I have input data which is a categorical time categorical series (uniformly timed, i.e., t2-t1 = t3-t2), obtained from multiple sensor readings (even though the readings might be a number, I use discretize it to turn the time series into a categorical one. It looks like this:

Time S1 S2 S3 S4 S5
--------------------
t0 a c e f g
t1 a c e f g
t2 a d e f h
t3 b d e f g
...

A user selects the sensors that he/she is interested in. So, if the user selects S1, S2, S3, S5, the input becomes

Time S1 S2 S3 S5
-----------------
t0 a c e g
t1 a c e g
t2 a d e h
t3 b d e g
..

AND I horizontally trace the input (so basically put the rows one after the other) and turn the input into a big single string (I was initially hoping to use the Voting Expert algorithm of Cohen and Adams, that's why. An unsupervised way to segment the text and propose them to a subject matter expert, or might even creating a Markov-chain).

So, the input becomes:

Si = acegacegadehadehbdeg....

Then, I place a size 4 (because the number of selected sensors or the number of columns) at the beginning of the text and if the pattern repeats itself in the text it expands by 4 (Again for this example) and add the pattern to repetitive pattern set. If not, the start of the window moves by 4 (so the next row in the original format) and do the same check. I assume the longest pattern can be as big as the half of the input string as it has to repeat itself at least once.

E.g. Si = |aceg|acegadehadehbdeg --> does aceg exist in Si?
Yes. Then, window size +=1. Found rep pattern = {aceg}
Si = |acegaceg|adehadehbdeg
...

And I create a prefix tree (trie)...This is a pretty common approach so, so far nothing special.
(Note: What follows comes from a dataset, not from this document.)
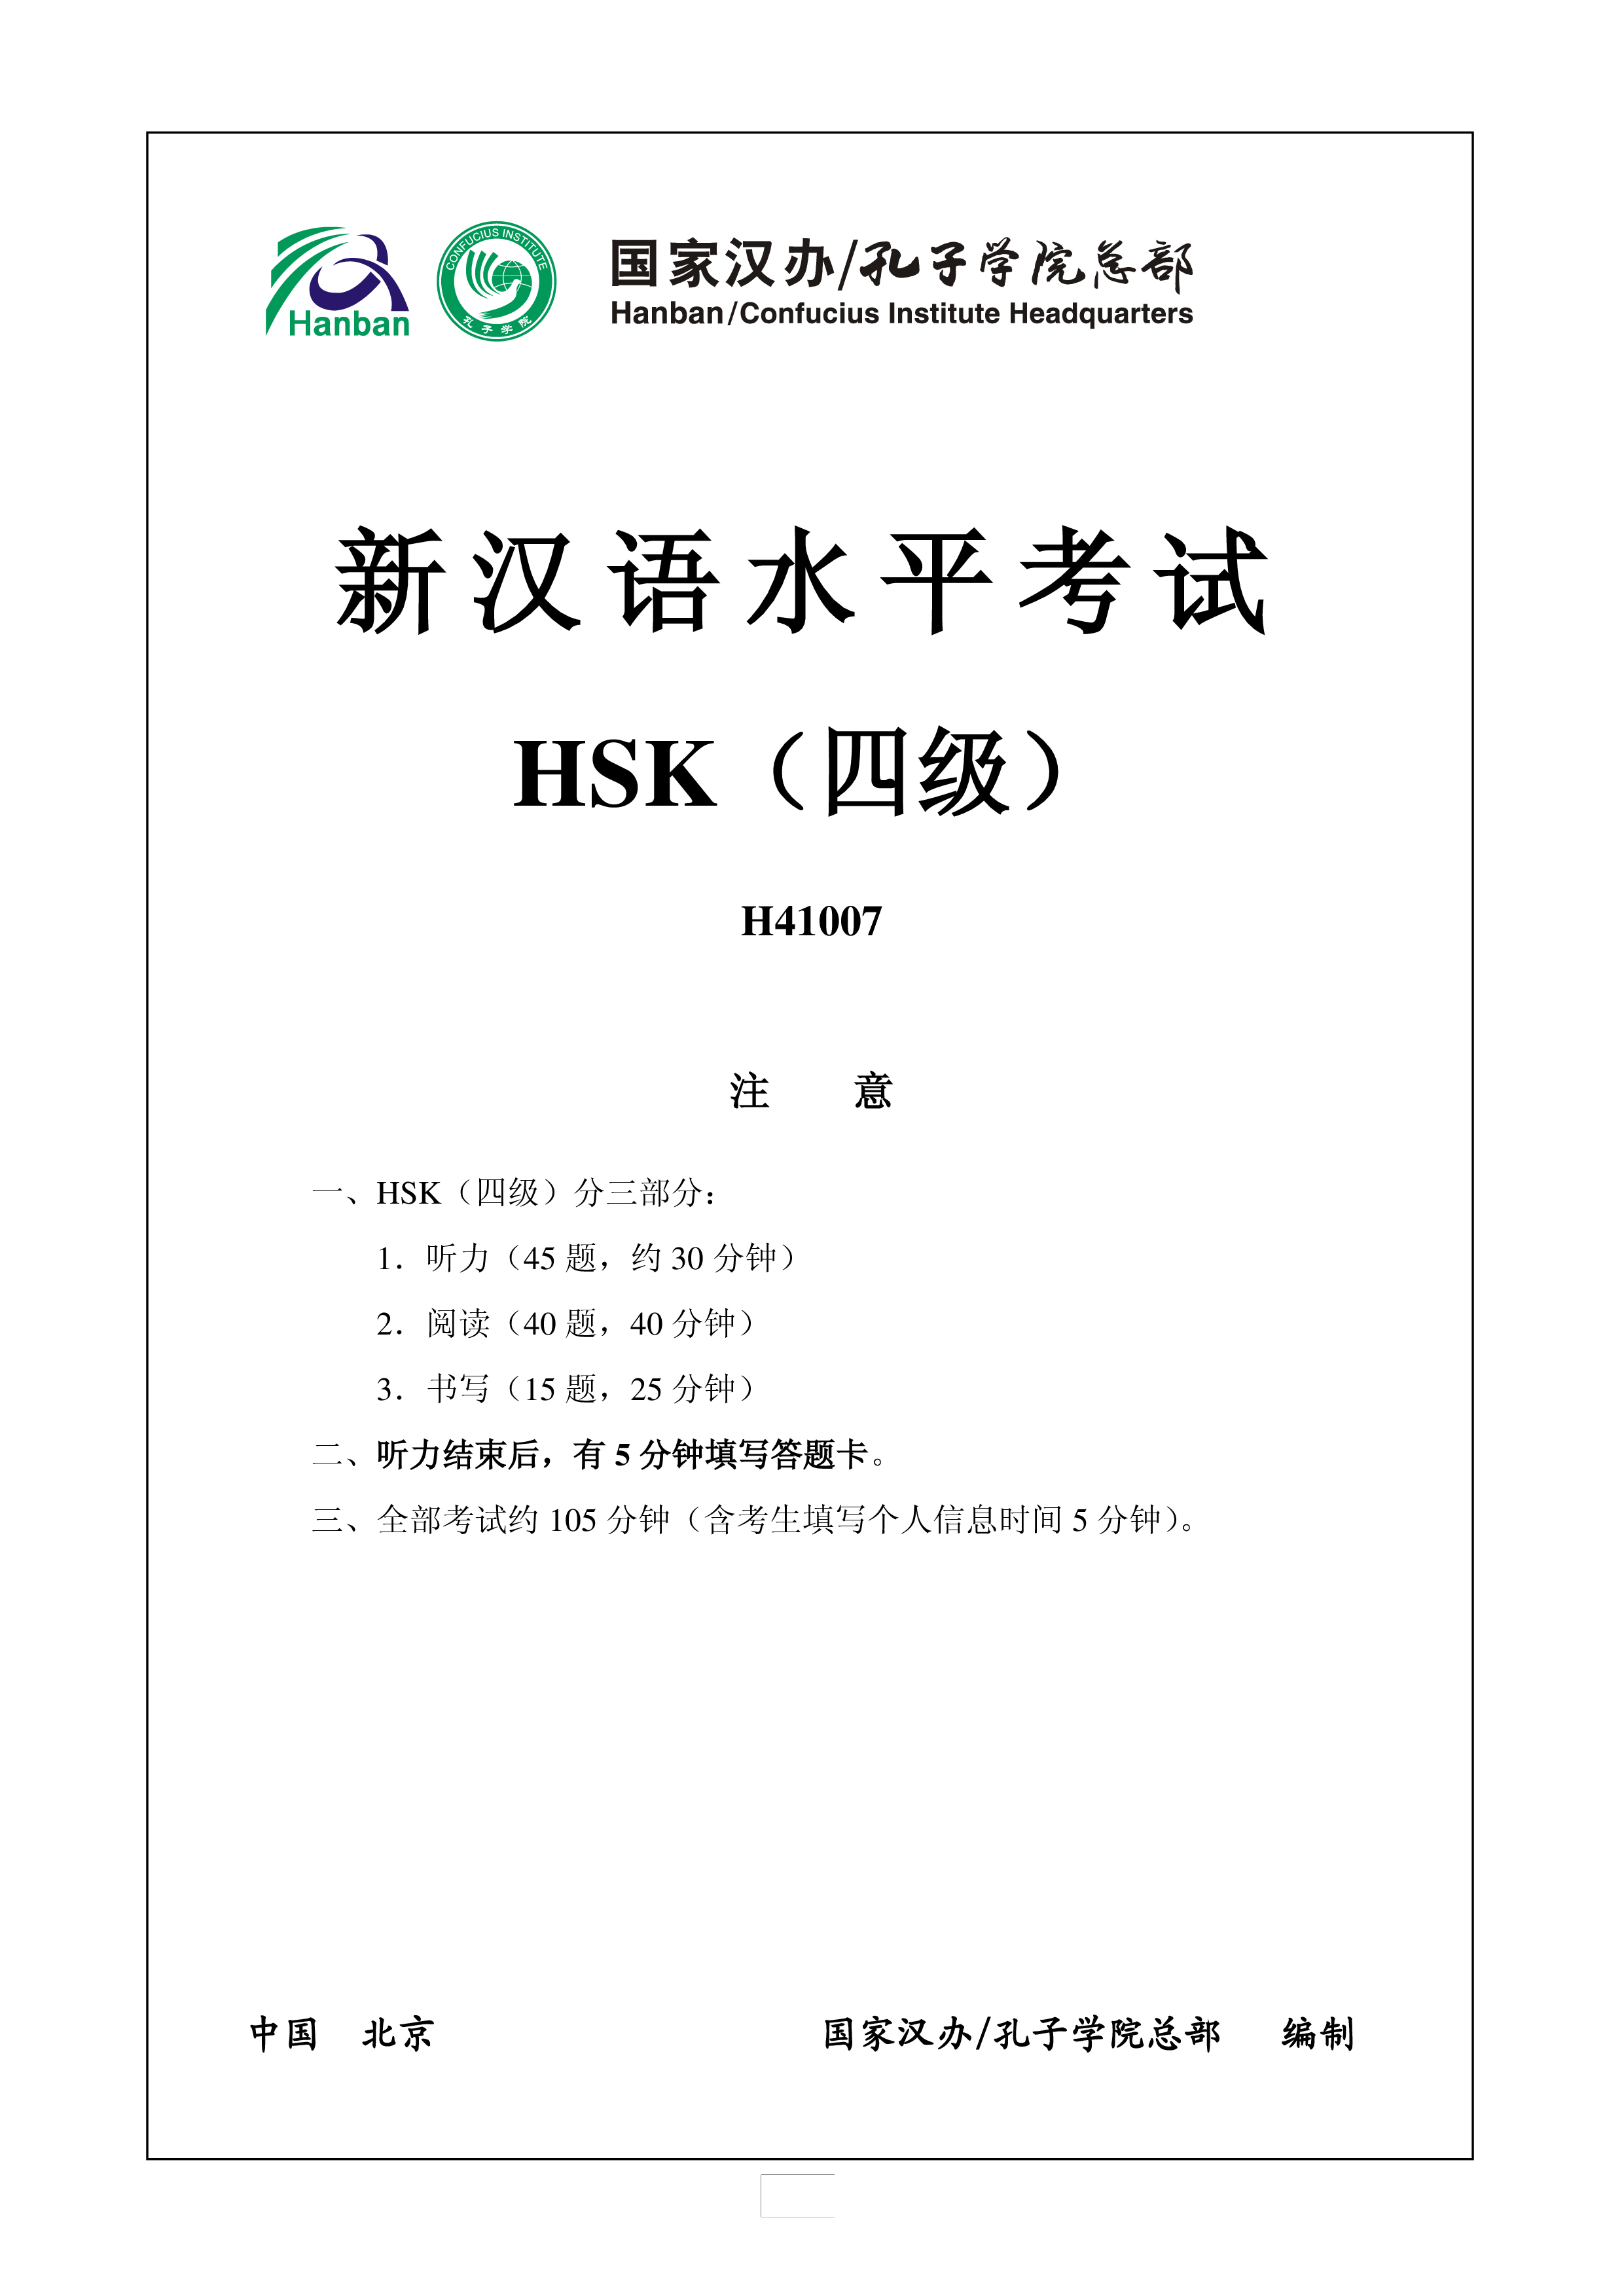 新汉语水平hsk四级考试h41007模拟真题考试音频和答案 modèles

Plus, as you can imagine, this is a pretty expensive thing to do without a lower or upper boundary for the window size. A lot of overlapping patterns are found by the algorithm too.

The goal is to find a way to make an elimination (maybe by a distance measure etc.). In Voting Expert Alg, it checks the inner and boundary entropy, etc.

However, I'm curious about what kind of algorithms I can use within SMPF to do what I want to do?

I'm not a data scientist per se so I really appreciate a direction.

KR,

Charles

Options: ReplyQuote
Re: Looking for an algorithm to segment multivariate categorical time series
Posted by: Charles
Date: January 06, 2020 12:25AM

In addition to the above question, what would be the pros and cons of:

1) Keeping the data as it is and applying episode mining techniques?
2) Or trying to apply sequential pattern mining algorithms? However, I guess that requires the long sequence data to be converted into an itemset data?. Is that necessary or can a sequential pattern mining algorithm be directly applied to a long single sequence?
3) any other way mining task (clustering) could be beneficial? Although, the paper of Eamonn Keogh Jessica Lin suggests it's meaningless to cluster subsequences.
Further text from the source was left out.